Se ti trasferisci ad Alicante dall’estero, anche le pratiche di immigrazione possono influire sul resto della tua impostazione. Molte persone chiedono dell’NIE (numero di identificazione per stranieri), della TIE (la carta d’identità dello straniero) e dell’empadronamiento (registrazione dell’indirizzo presso il municipio locale). Non sono documenti da startup in senso stretto, ma spesso entrano in gioco quando apri conti, firmi contratti o gestisci pratiche ufficiali in Spagna.

Altri founder usano anche il Digital Nomad Visa o, in alcuni casi, un regime fiscale speciale come la Beckham Law (un regime fiscale ridotto disponibile in situazioni specifiche). Sono strumenti utili per alcune persone, ma non soluzioni universali. Le regole possono cambiare, i criteri di idoneità possono essere tecnici e la scelta migliore dipende dalla tua nazionalità, dalla tua storia di residenza e dal tuo modello di business.
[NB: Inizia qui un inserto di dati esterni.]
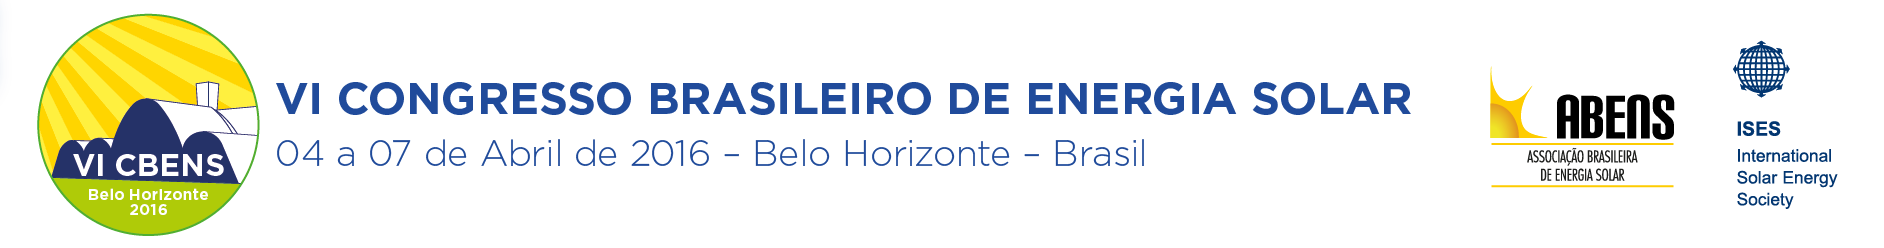 VI CBENS: VI CONGRESSO BRASILEIRO DE ENERGIA SOLAR E VII CONGRESSO LATINO AMERICANO DE ENERGIA SOLAR. 04 a 07 de Abril de 2016 – Belo Horizonte – Brasil

Verifica sempre cifre e regole aggiornate con fonti ufficiali o con un professionista qualificato prima di prendere decisioni.
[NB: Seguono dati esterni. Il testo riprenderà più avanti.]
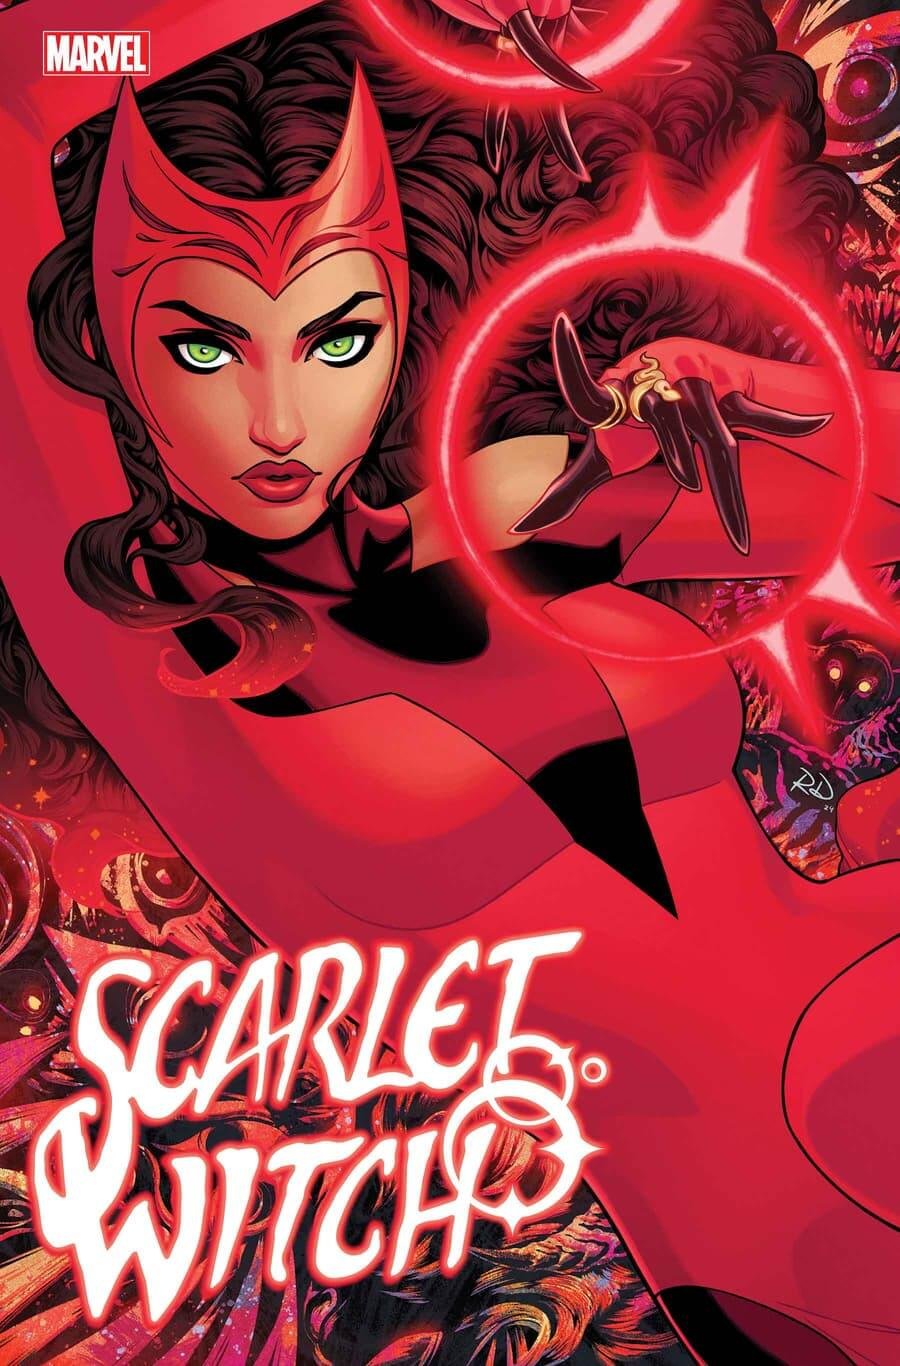 Couverture de Scarlet Witch 1 par Russell Dauterman

Cosa dovrebbero fare per primi i founder ad Alicante

Se stai aprendo ad Alicante, parti dalle basi che riducono rapidamente il rischio. Conferma la tua struttura legale, prepara contratti adeguati per founder e clienti e definisci la proprietà dell’IP prima che ci siano ambiguità. Poi esamina con attenzione la gestione dei dati, soprattutto se hai un sito pubblico, account utente o qualsiasi forma di pagamenti online.

Aiuta anche avere supporto locale fin dall’inizio. Un buon gestor o lawyer non sostituisce il tuo giudizio, ma può aiutarti a evitare i classici errori spagnoli, come pensare che una procedura sarà veloce, che la documentazione sia completa quando non lo è, o che un contratto di un altro paese funzioni così com’è in Spagna. Alicante ha una community tech internazionale in crescita e qui molti founder stanno affrontando gli stessi temi, solo con business model e passaporti diversi.

Le basi legali che ogni founder di startup in Spagna dovrebbe conoscere non sono glamour, ma sono fondamentali. Sistemarle bene ti dà più spazio per respirare, soprattutto in un mercato come Alicante dove lo stile di vita è un vero vantaggio, ma l’amministrazione si aspetta comunque che tu faccia le cose per bene. Se costruisci su accordi chiari, compliance sensata e la struttura giusta fin dall’inizio, passerai meno tempo a spegnere incendi e più tempo a far crescere davvero la società.